Al-Qaeda operatives and sympathizers in Trinidad and Guyana are involved in the illicit drug trade and the trafficking of guns, ammunition, explosives and detonators from Venezuela. Multi product shipments now regularly cross the Gulf of Paria, the Columbus Channel and the Atlantic Ocean to Trinidad. Al-Qaeda operatives have well developed links to Colombian illicit drug suppliers. The al-Qaeda attack in Madrid Spain was facillitated by Spain’s central importance to drug trafficking across the Caribbean to Europe.Riding these trafficking networks are al-Qaeda operatives who profit from the trade, source material from the illicit trade, and utilise operational bases of the illegal trade. The al-Qaeda sleeping assets in Trinidad with their coven of sympathisers are in Trinidad only to amass wealth and material via the illicit drug trade.
But as the largest single supplier of LNG to the US is Atlantic LNG at point Fortin, Trinidad how can Trinbagonian political elites and state agencies in complicity with the drug trade protect US interest’s in Trinidad? A military strike at Atlantic LNG is the most potent strike against US interests in the western hemisphere outside of the USA. The untrammelled trade in precursor chemicals between Trinidad, Venezuela and Colombia is but another indication of the porosity of the borders of Trinidad and the high propensity of an attack on US interests in Trinidad. Equally disturbing is the announced intention of a Syrian owned Caribbean conglomerate to manufacture urea ammonium nitrate in Trinidad for the export market. Ammonium nitrate is the poor man’s weapon of mass destruction used in the bombing of the Federal Building in Oklahoma City, USA. To manufacture urea ammonium nitrate in Trinidad ammonium nitrate has to be manufactured and then combined with urea. Given the trade in precursor chemicals what assurances are there that ammonium nitrate manufactured at Union Estate La Brea would not be diverted to the illicit drug trade for use as weapons of mass destruction on an LNG tanker or LNG train at Point Fortin? A suicide bomber breaking security at Atlantic LNG with a panel van loaded with plastic explosives, ammonium nitrate in solution and the necessary detonators.

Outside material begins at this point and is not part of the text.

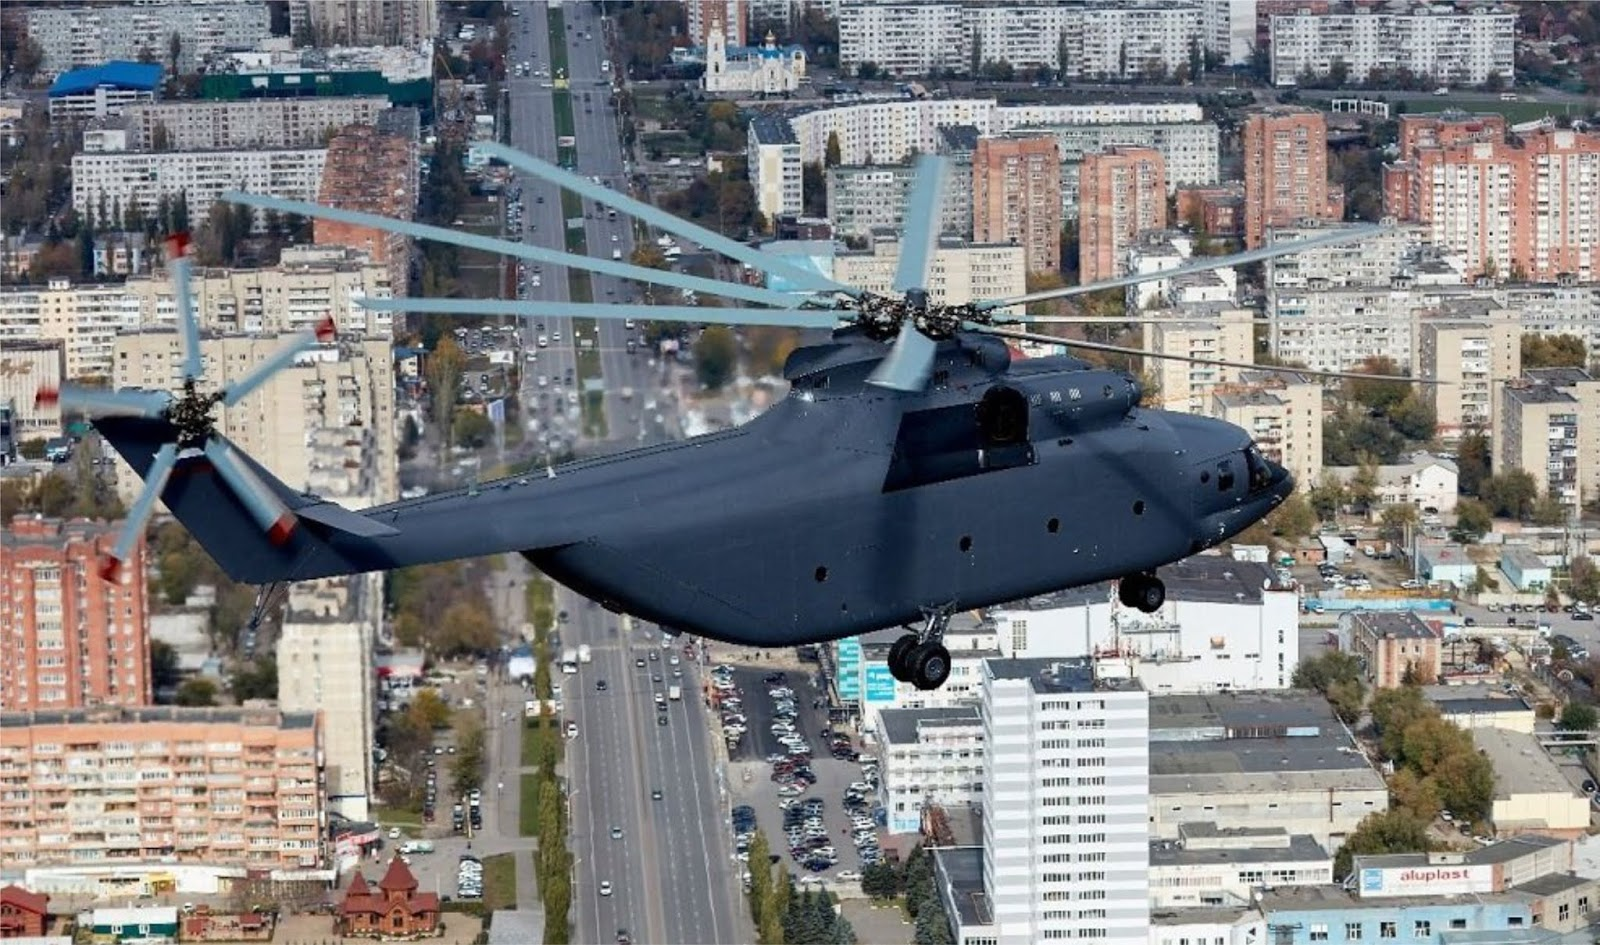 Helikopter terberat di dunia versi baru akan ditampilkan di Army-2018

The plastique and detonators remote controlled or otherwise are widely available in the product mix of the illegal drug trade at present. What about an attack on a loaded LNG tanker in the stream or a tanker being loaded at the pier a la the attack on the USS Cole in South Yemen?
The worst case scenario posited by Figueira is an imminent threat that will, eventually become reality, it might not happen in exactly the way he describes it but its inevitability is carved in stone.